Suppose I have the sentence - "Jane is running"
And another list of sentences -
["Jane is a girl",
"Jane can run",
"Run a race",
"Sitting down on sofa",
"Sitting down on a chair",
"Sitting on a bench",
"Climbing a tree",
"Climbing a rock",
"Run to reach somewhere"]
Now my goal is, given the first sentence, which sentences does it match to.
The output needs to be something like -
"Jane is running" : "Jane can run", "Jane is a girl", "Run a race", "Run to reach somewhere"
Kindly take a note of the order of the output, in case of "Jane can run" there are two matches, Jane and run, while the rest have either matched with Jane or run.
As for the main sentence, the words could have been in this case, ran, run, running, Jan, Janet, June, i.e. spelling errors and variations of words need to be considered.

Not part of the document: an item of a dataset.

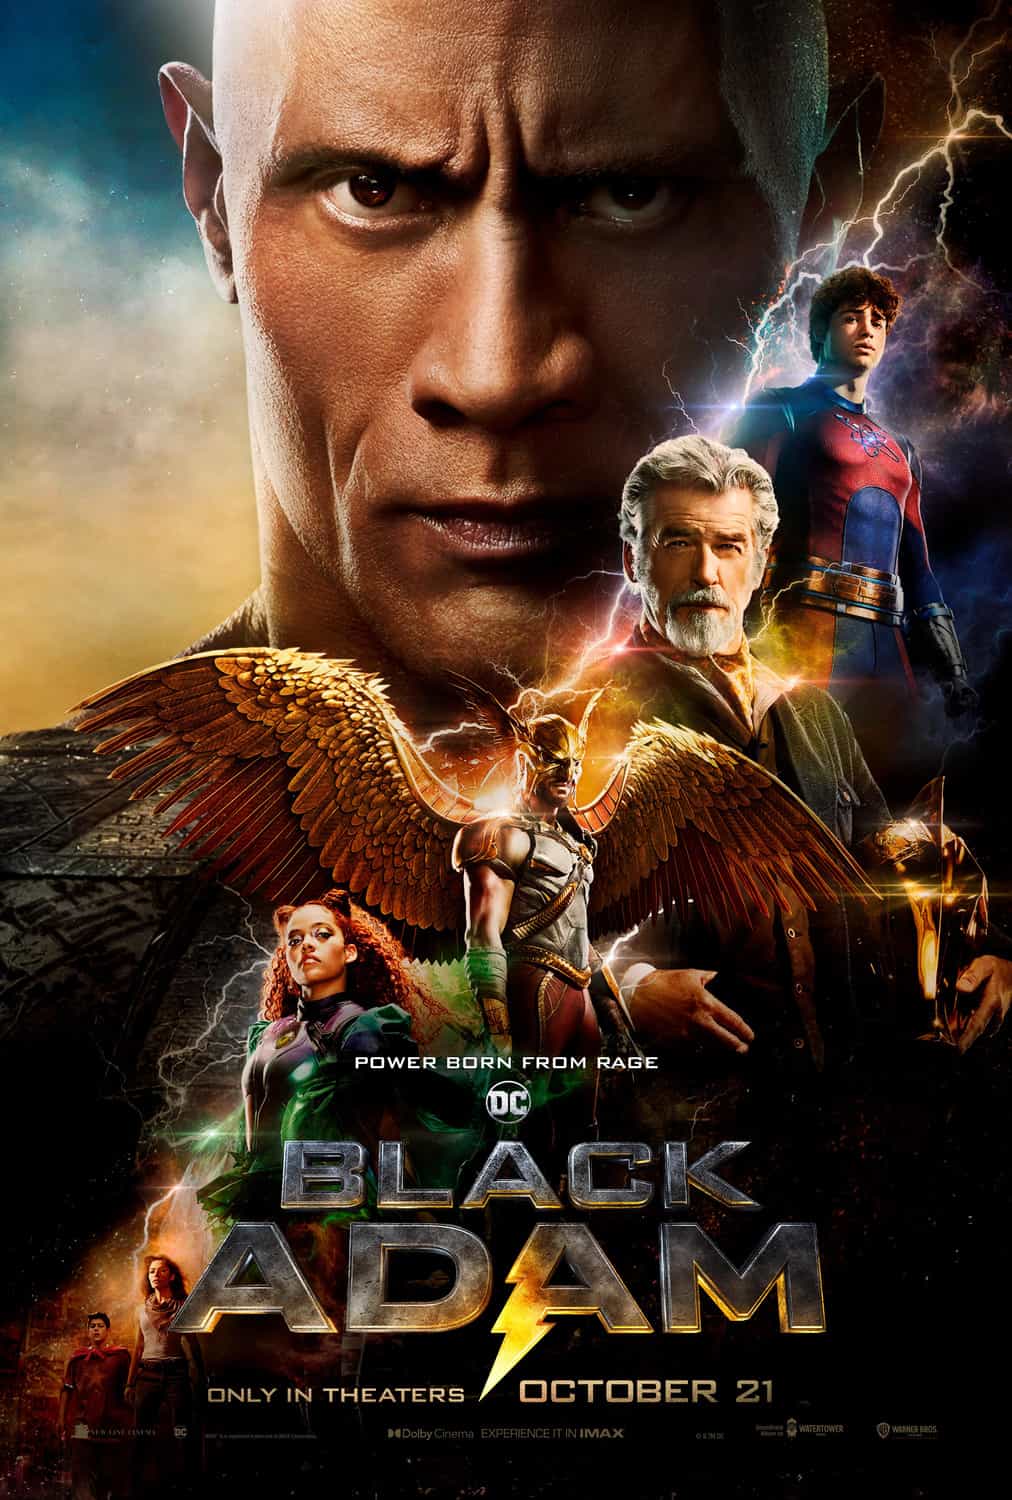 New poster released for Black Adam starring Dwayne Johnson - movie UK release date 21st October 2022 #blackadam

The algorithm that I came up with is -
- Divide the main sentence into a list of words -
["Jane", "is", "running"]. - Do the same for each sentence in the list.
- For every word in the main sentence check for matches in every word of every sentence in the list of sentences keeping an edit distance of 5 or 6.
- Group the sentences that match and sort them according to the maximum number of matches
This method feels a very brute-force approach to the problem. How can I improve this ?